We wrote recently about a similar solution created by Israel’s High Lander. But this product has been created by Skydio for Skydio products – and in our experience, vertically integrated systems tend to be more seamless.
Now throw Skydio Dock into the mix…
The dock is a charging and safe harbor system a little bigger than a toaster oven that can allow for automated inspections and other regular missions to be carried out autonomously and remotely monitored. Just recently, the FAA issued a Beyond Visual Line of Sight waiver for autonomous flights to be remotely flown by BNSF Railway.
We anticipate the dock will be a very big part of Skydio’s Remote Ops future, carrying out autonomous Enterprise missions and even dispatching drones quickly for First Responders. The “pilot” will be in another location entirely, monitoring a single or multiple drones simultaneously. This will play a very significant role, we believe, in Skydio Cloud capabilities down the road.
Skydio Cloud, says Ross, will also have the ability to integrate with third-party software via Application Programming Interface (APIs). And the platform has some shortcuts built-in to help make those secure tokens and connections quickly. We’re not API experts, but our understanding from the webinar is that this will be a great feature for developers, smoothing the path for third-party integrations.
“This makes it easy to get started with development within seconds,” says Ross.
One thing that stood out toward the end of the webinar was regarding use of Skydio drones by law enforcement for evidence collection, accident scene reconstruction, etc.
As you may have read here before, Skydio has also partnered with Axon, which produces the Taser and Axon body cameras widely worn by police officers.
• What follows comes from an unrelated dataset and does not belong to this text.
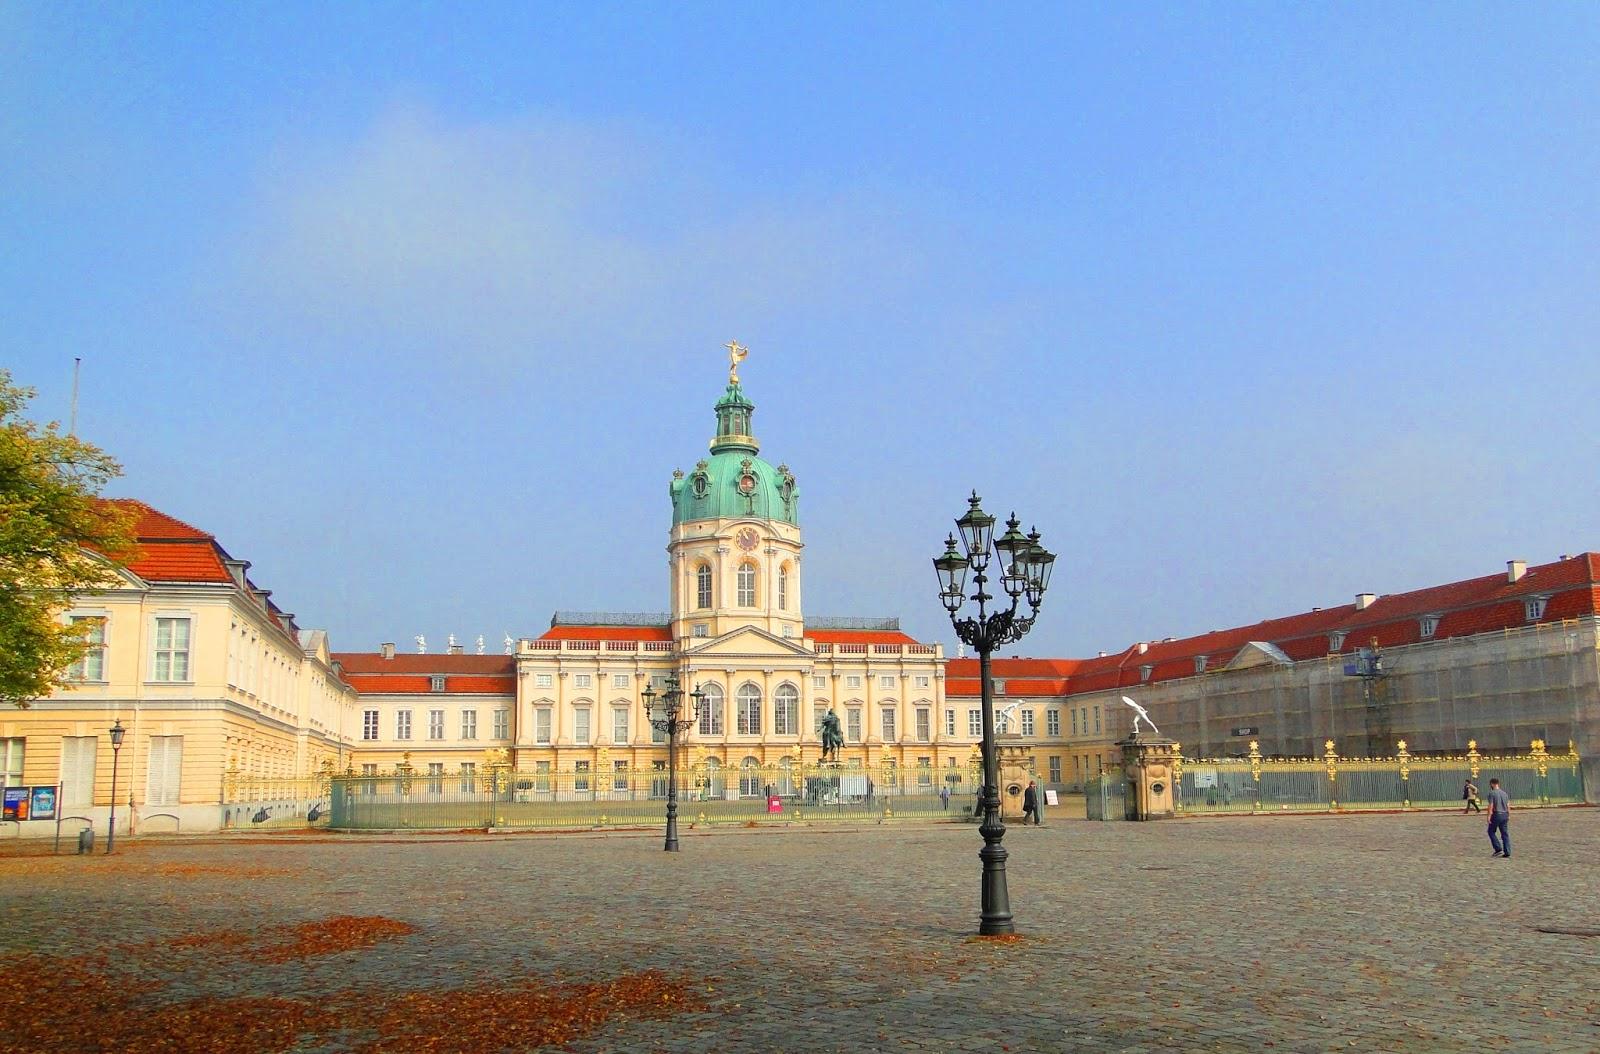 Palácio Charlottenburg em Berlim
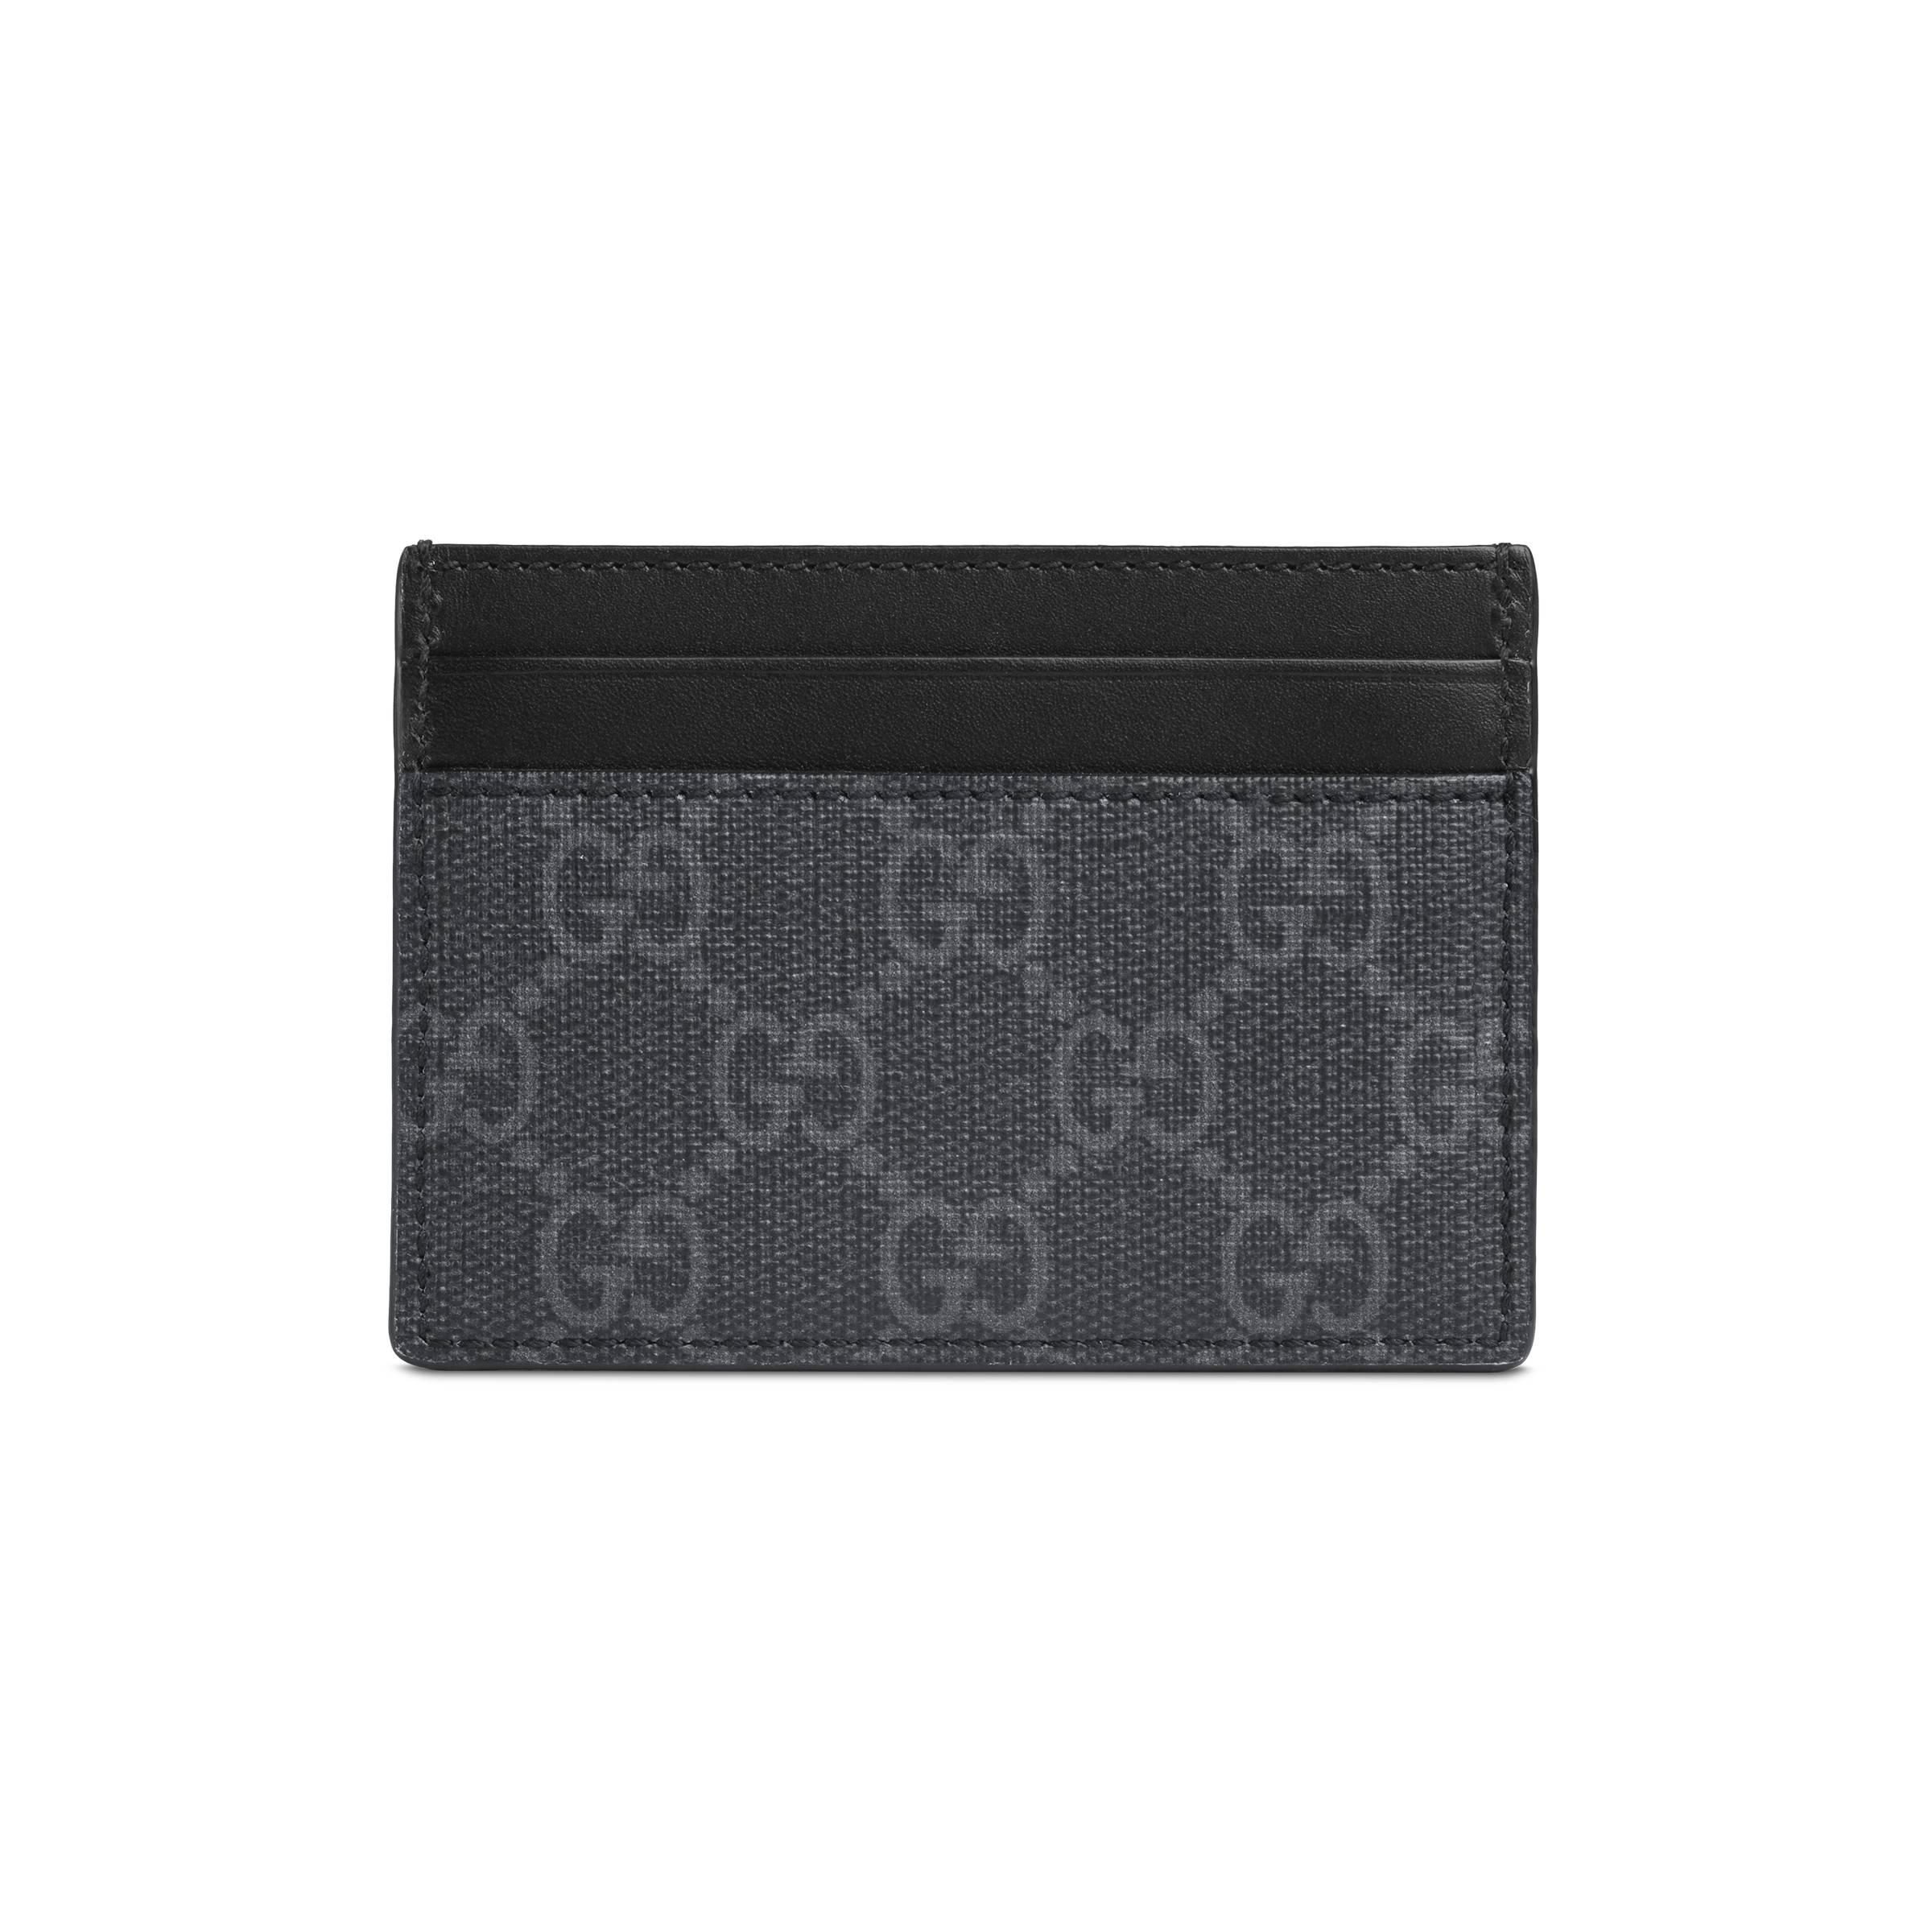 2c6b93a6d21 Gucci Kingsnake Print GG Supreme Card Case in Black for Men - Save 8 ...

Axon also has a software suite called Axon Evidence, a secure online platform for the management, storing, and sharing of evidential data. Ross says Skydio is already working on securely uploading data directly from the drone to Axon’s evidence cloud:
We are building, right now, the ability to leverage Skydio Media Sync to be able to automatically ingest data into Evidence.com (the Axon software suite). So again, following that same workflow: Going and flying that vehicle, coming back, plugging it into power… Now, instead of that data coming into the Skydio Cloud, it actually goes direct, as evidence objects, into Evidence.com with no further action required (and with all relevant metadata tagged).”
Currently, says Ross, some officers spend hours moving data from MicroSDs to hard drives to this portal. So the efficiency of this kind of auto-upload is clear.
With each webinar and announcement, the overall Skydio picture becomes more apparent. It’s very cohesive, using a growing software suite specifically designed to take full advantage of the capabilities of Skydio drones – and full advantage of its growing number of partnerships.
In combination with software offerings like 3D Scan and hardware like the Skydio Dock, it’s a vision very much ready for the future.